Détermination du MRV

Partant du principe que le MRV est le volume maximum récupérable, il est logique de penser qu’on l’a atteint ou dépassé lorsque la performance diminue.

En d’autres termes, une performance inférieure par rapport à la dernière semaine de travail peut faire suspecter la réalisation du MRV.

Cependant, le MRV moyen réel a-t-il été déterminé ou y a-t-il une erreur d’évaluation et d’interprétation des résultats ? La réponse est simple, il faut deux stratégies : répétition et enregistrement.

Une autre considération importante est d’établir la relation entre la baisse de performance ou de capacité de récupération et des facteurs externes (stress, problèmes familiaux, maladie, etc.).

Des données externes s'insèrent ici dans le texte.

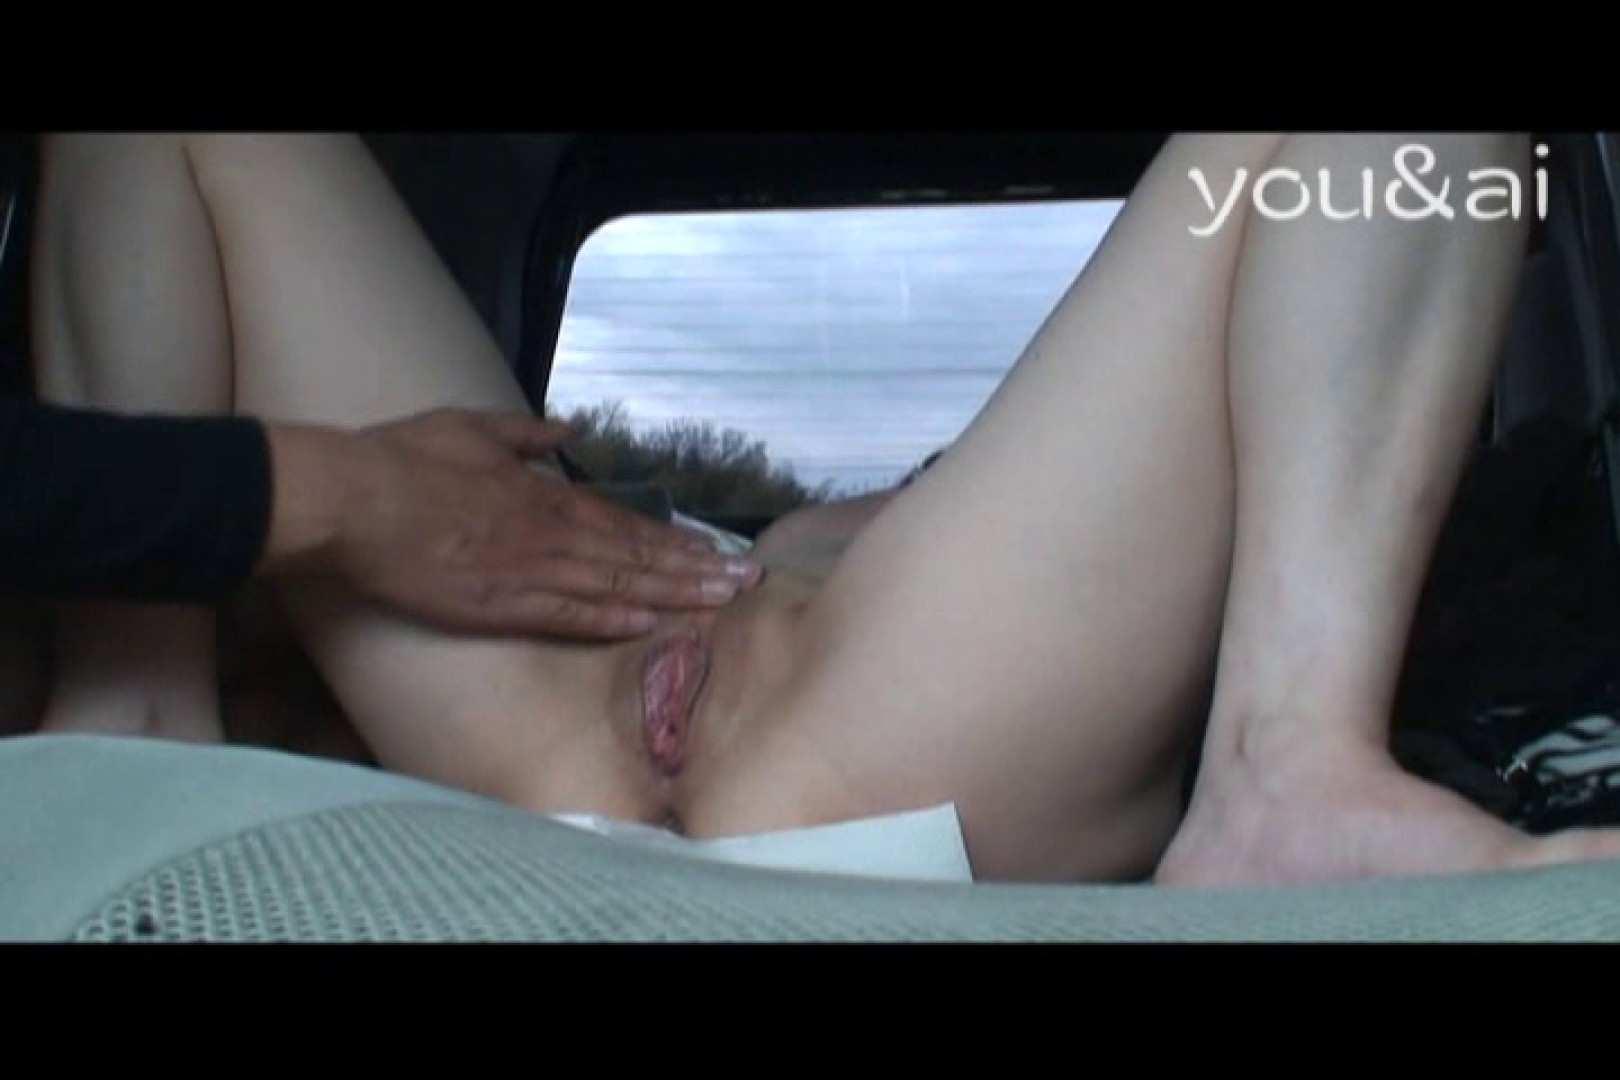 おしどり夫婦のyou&aiさん投稿作品vol.14 投稿作品  95連発 15
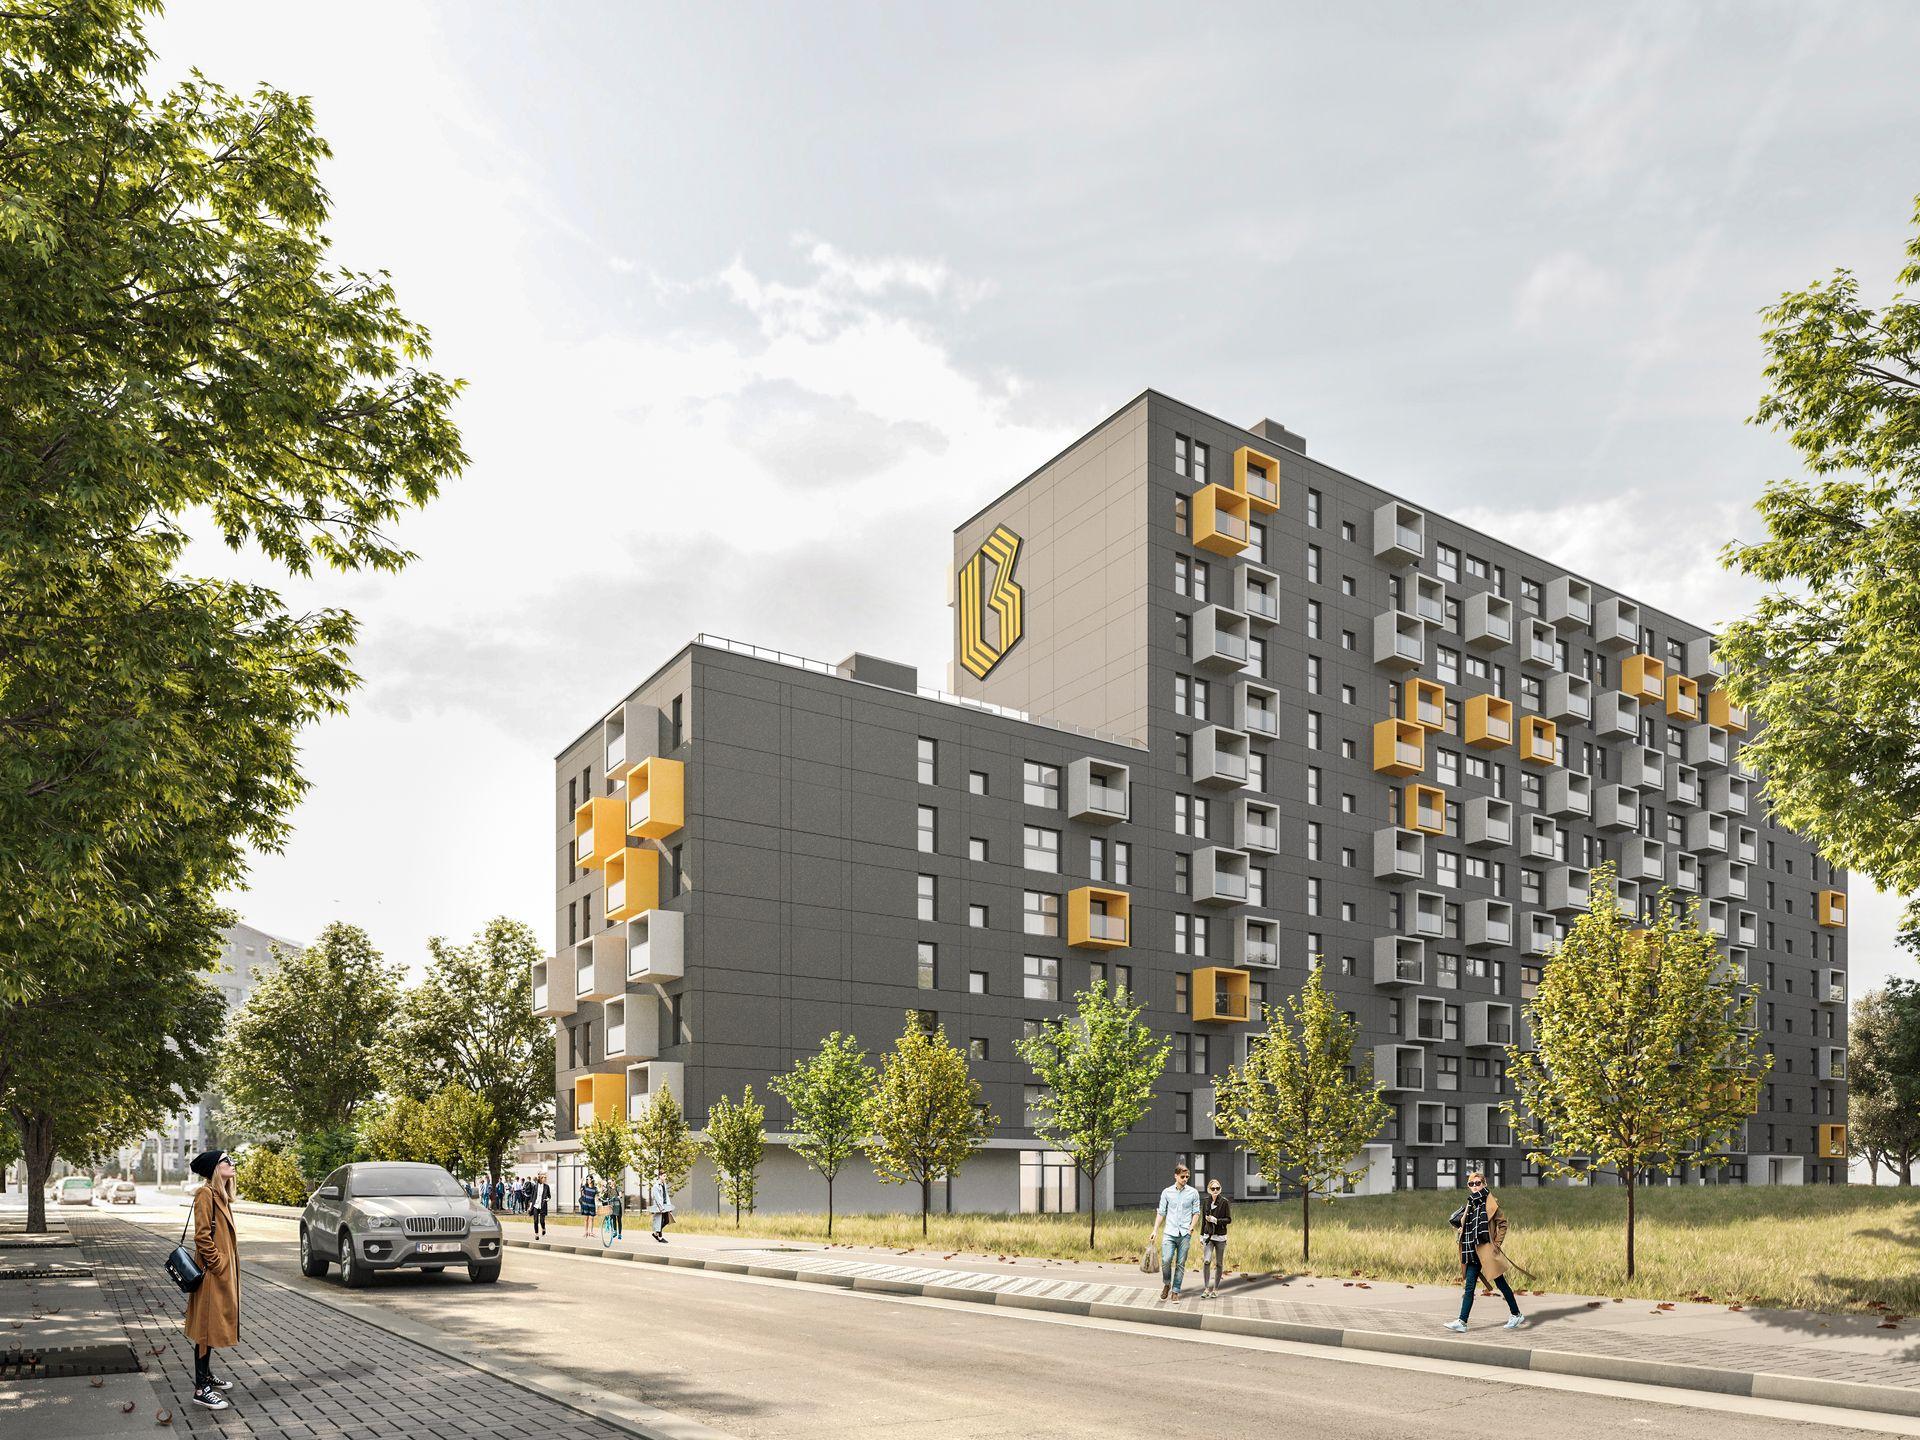 B URBAN = THE BEST URBAN, najlepszy miejski projekt inwestycyjny we Wrocławiu

Enfin, voici les étapes à suivre pour déterminer correctement le MRV de manière fiable et valide (Israetel, 2018 ; Israetel & Hoffmann, 2017) :

  1. Commencer le mésocycle avec un volume de travail relativement faible (nombre réduit de séries par groupe musculaire).
  2. Ajouter 1-2 séries par groupe musculaire par semaine.
  3. Identifier le moment où la performance diminue.
  4. Phase de décharge d’entraînement.
  5. Début du nouveau mésocycle (2e) en ajoutant 1-2 séries supplémentaires par groupe musculaire, et répéter les étapes 1-3.
  6. Répéter les étapes 1 à 5 de 2 à 4 fois, puis établir la moyenne des séries par semaine où la performance diminue.
  7. Estimation du MRV actuel.
  8. Augmentation du MRV : utiliser un microcycle à haute intensité après le microcycle où la performance diminue (utilisation d’exercices simples).

Sources bibliographiques

  1. Israetel, M. (2017). General Training: Mesocycle Design for Hypertrophy. Renaissance Periodization.
  2. Revive Stronger (2017). Revive Stronger.
  3. Israetel, M. (2018). How to find your Maximum Recoverable Volume (MRV). Propane Fitness.
  4. Schoenfeld, B., & Grgic, J. (2018). Evidence-based guidelines for resistance training volume to maximize muscle hypertrophy. Strength & Conditioning Journal, 40(4), 107-112.
  5. Krzysztofik, M., Wilk, M., Wojdała, G., & Gołaś, A. (2019). Maximizing Muscle Hypertrophy: A Systematic Review of Advanced Resistance Training Techniques and Methods. International Journal of Environmental Research and Public Health, 16(24), 4897.
  6. Israetel, M. & Hoffmann, J. (2017). Volumen Landmarks for Muscle Growth. Renaissance Periodization.